Falta de leitos e longas esperas por atendimento agravam a crise na saúde mental pública no Brasil
As internações de adolescentes e jovens de 13 a 29 anos devido a estresse e ansiedade aumentaram 136% entre 2013 e 2023, de acordo com dados do Ministério da Saúde. Em termos absolutos, o número de casos saltou de 690 para 1.629. Essas hospitalizações ocorrem em última instância, em casos graves que incluem sintomas como psicoses, tendências autolesivas e ideação suicida.
Especialistas alertam que esses números estão subnotificados, devido à falta de leitos em centros especializados e hospitais gerais, além de se referirem apenas aos atendimentos no sistema público. Mariana Rae, especialista em Saúde Pública e coordenadora do Instituto Cactus, explica que a demanda por tratamento de saúde mental é muito superior à oferta no Sistema Único de Saúde (SUS). Segundo ela, 70% dos casos de transtornos mentais começam na adolescência, antes dos 25 anos.
O tempo de espera para o primeiro atendimento em uma Unidade Básica de Saúde (UBS) e o encaminhamento a um Centro de Atenção Psicossocial (Caps) pode variar entre três meses a um ano e meio. Rae enfatiza que a demora dificulta a prevenção do agravamento dos transtornos mentais, e que a hospitalização acaba sendo o último recurso.
A especialista também destaca que a falta de investimentos no setor é um fator crítico, agravado pela Portaria GM/MS nº 3.588/2017, que reduziu a transparência no orçamento federal para saúde mental, dificultando o monitoramento dos recursos destinados à área. Essa portaria foi revogada em junho de 2023, mas seus efeitos ainda são sentidos. De acordo com um relatório do Instituto Cactus e do Instituto de Estudos para Política de Saúde (IEPS), a mudança tornou mais difícil identificar os recursos destinados à saúde mental, complicando ainda mais a situação.
Anna Lucia Spear, psicóloga e professora da pós-graduação no Instituto de Psiquiatria da UFRJ, também reforça a necessidade de ampliar os recursos destinados à saúde mental no Brasil. Ela aponta o uso excessivo das redes sociais como um dos fatores que contribuem para o aumento dos casos de estresse e ansiedade na geração Z, devido à pressão para se adequar a padrões de beleza e comportamento impostos por essas plataformas.

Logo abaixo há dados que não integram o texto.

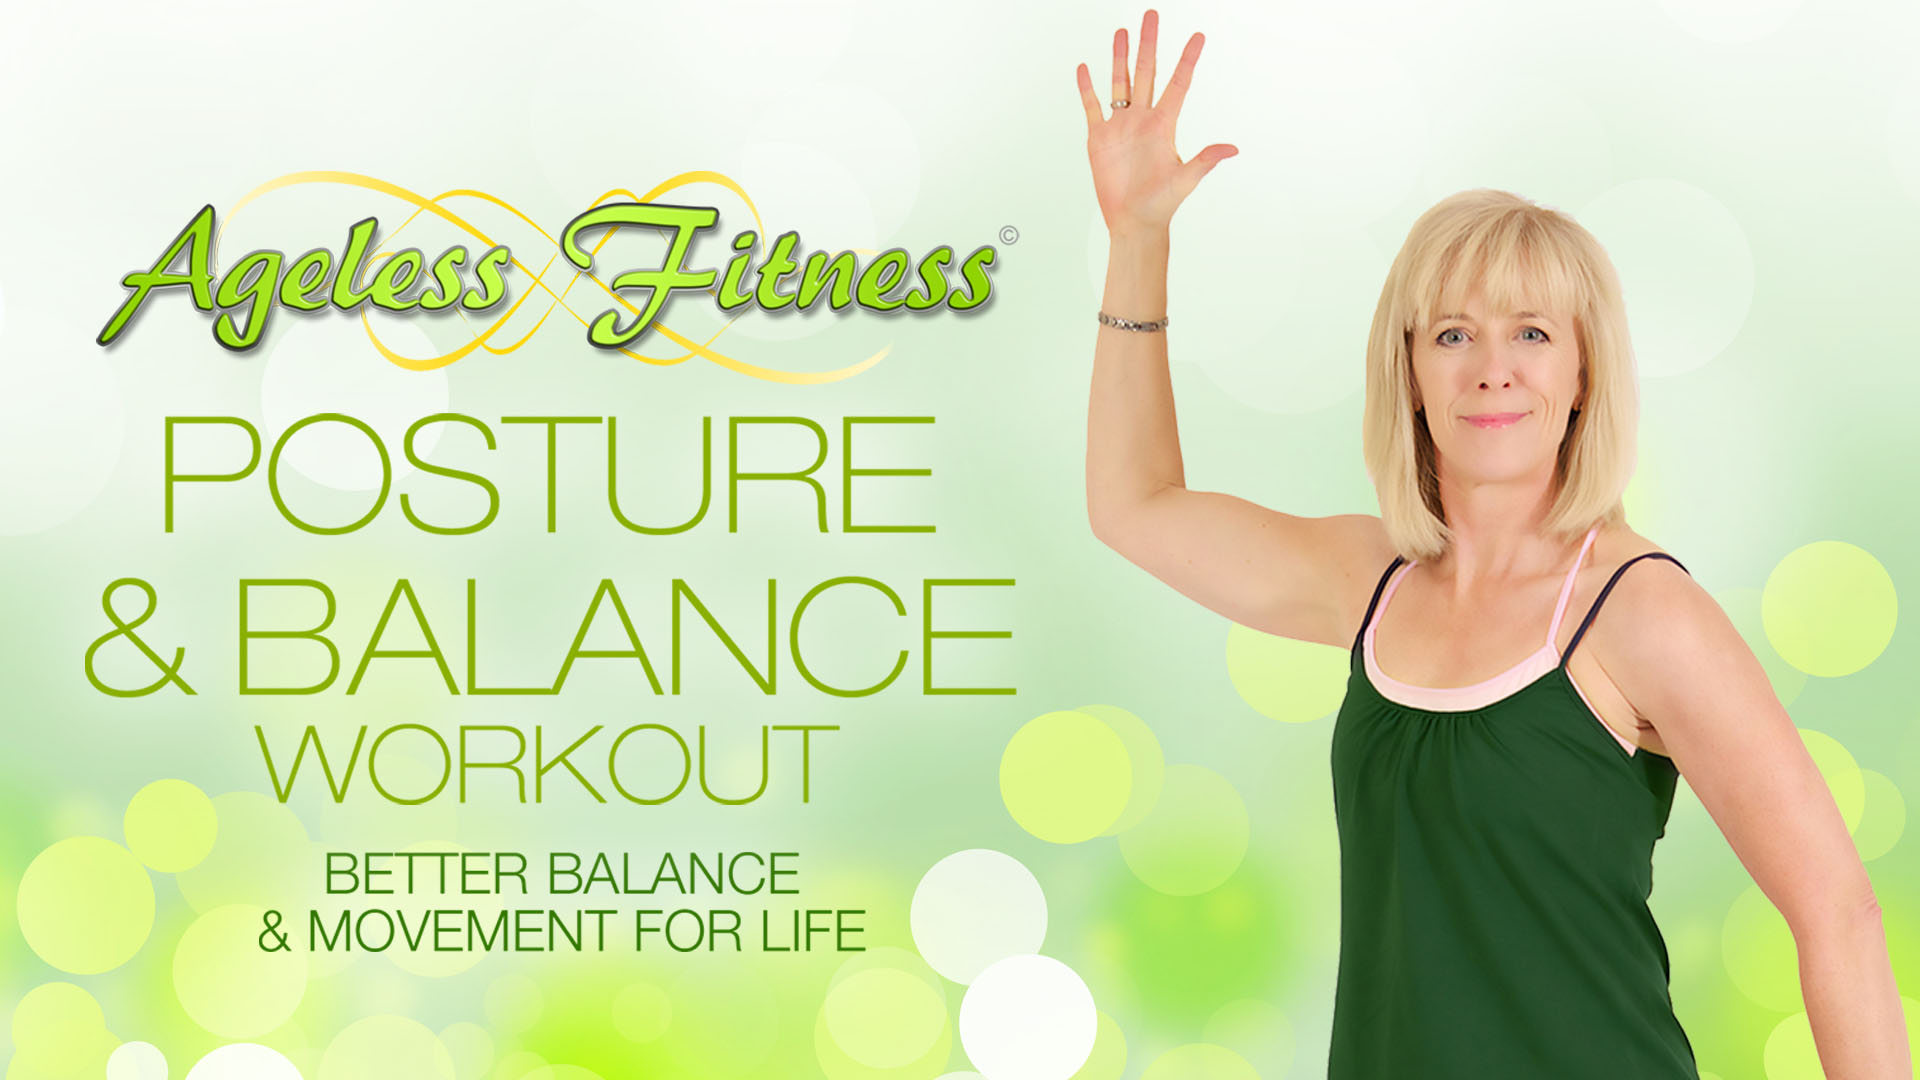 Ageless Fitness - Posture & Balance Workout: Better Balance & Movement for Life

Em resposta, o Ministério da Saúde informou que o governo federal investiu R$ 16,6 bilhões na Rede de Atenção Psicossocial (Raps) em 2023, e que 200 novos Centros de Atenção Psicossocial estão em construção para garantir o atendimento à população. A previsão para 2024 é de um investimento de R$ 17,1 bilhões para esses serviços, mas especialistas alertam que esses esforços podem não ser suficientes para atender à crescente demanda.

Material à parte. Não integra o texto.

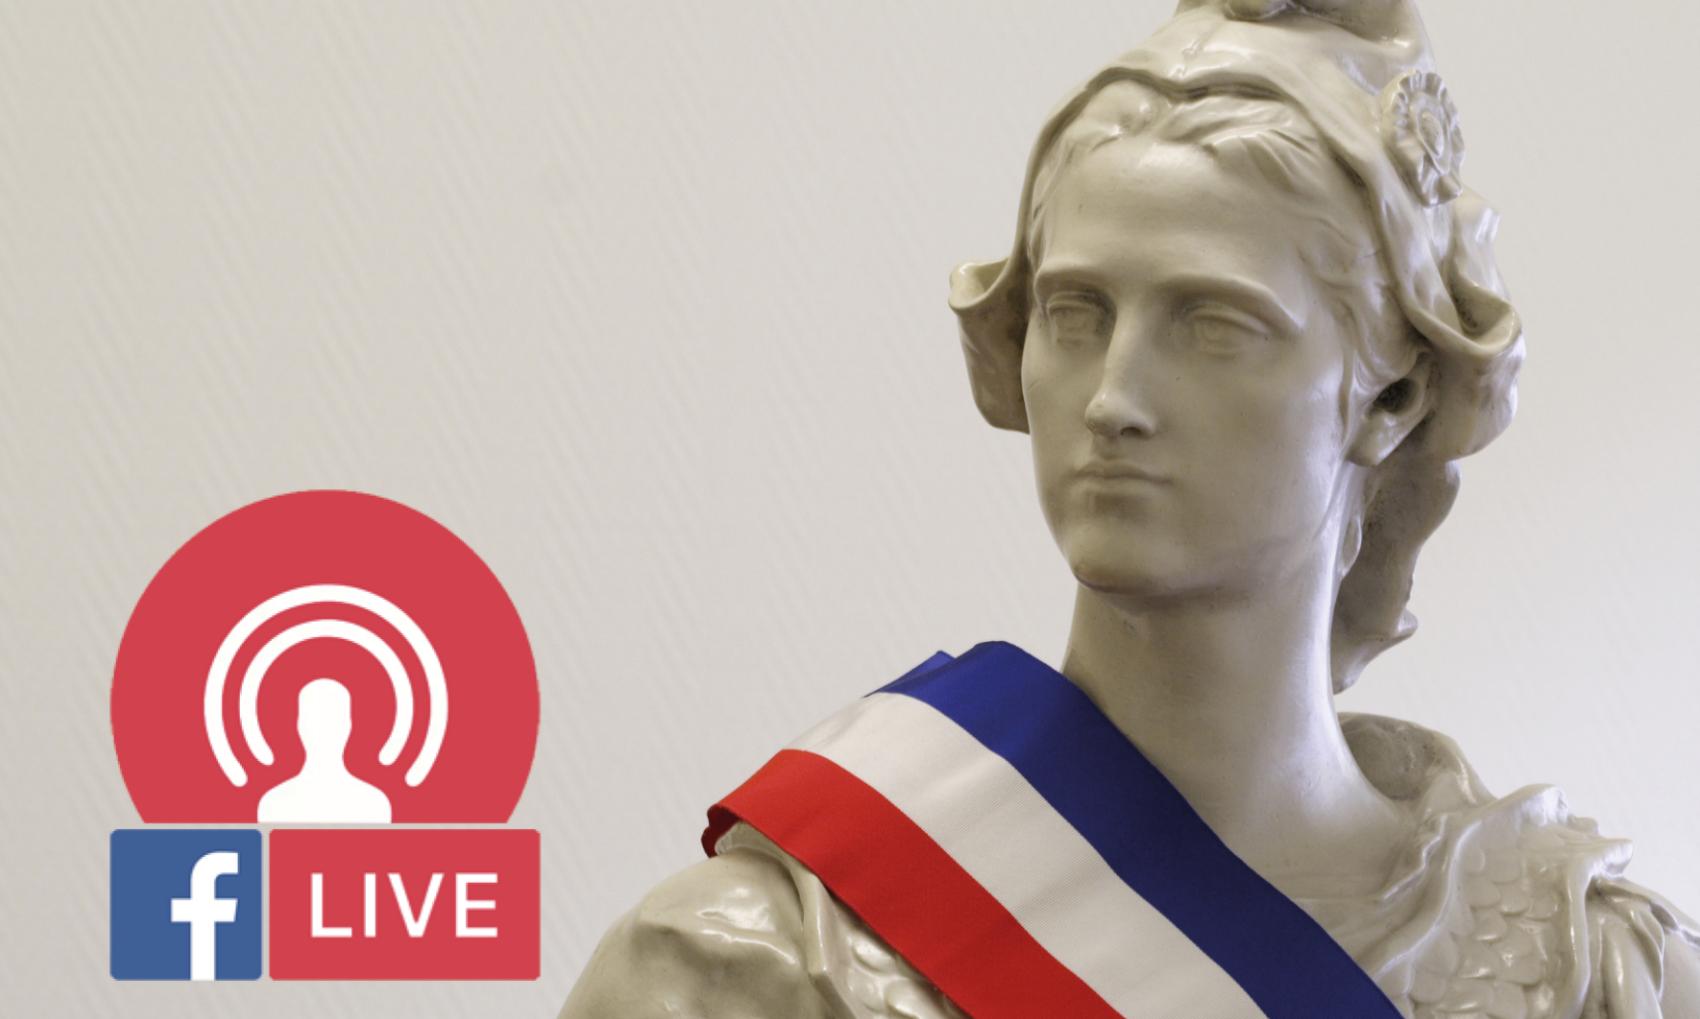 CONSEIL MUNICIPAL en direct (facebook live)

No Brasil, o SUS oferece uma rede de serviços para apoio psicológico e psiquiátrico, incluindo UBSs, Caps, Unidades de Acolhimento (UA), Serviços Residenciais Terapêuticos (SRT), o Programa de Volta para Casa (PVC), Unidades de Pronto Atendimento (UPA), SAMU, Hospitais Gerais e Centros de Convivência e Cultura. As UBSs são o ponto de partida para o tratamento, onde o paciente passa por uma triagem e é encaminhado para o serviço mais adequado. Dependendo da gravidade dos sintomas, o tempo de espera para iniciar o tratamento especializado pode ser prolongado, agravando o quadro do paciente.
O Instituto Cactus classifica os casos de transtornos mentais em três categorias: leves (sintomas de depressão, ansiedade ou síndrome do pânico), moderados (com quadros psicóticos, alucinações ou delírios) e graves (ideação suicida, que requer atendimento de emergência). Embora o paciente possa buscar uma UBS de forma urgente, o tempo de espera para o encaminhamento a um Caps ou para atendimento especializado é longo, variando de meses a mais de um ano, dificultando a prevenção e o tratamento adequado.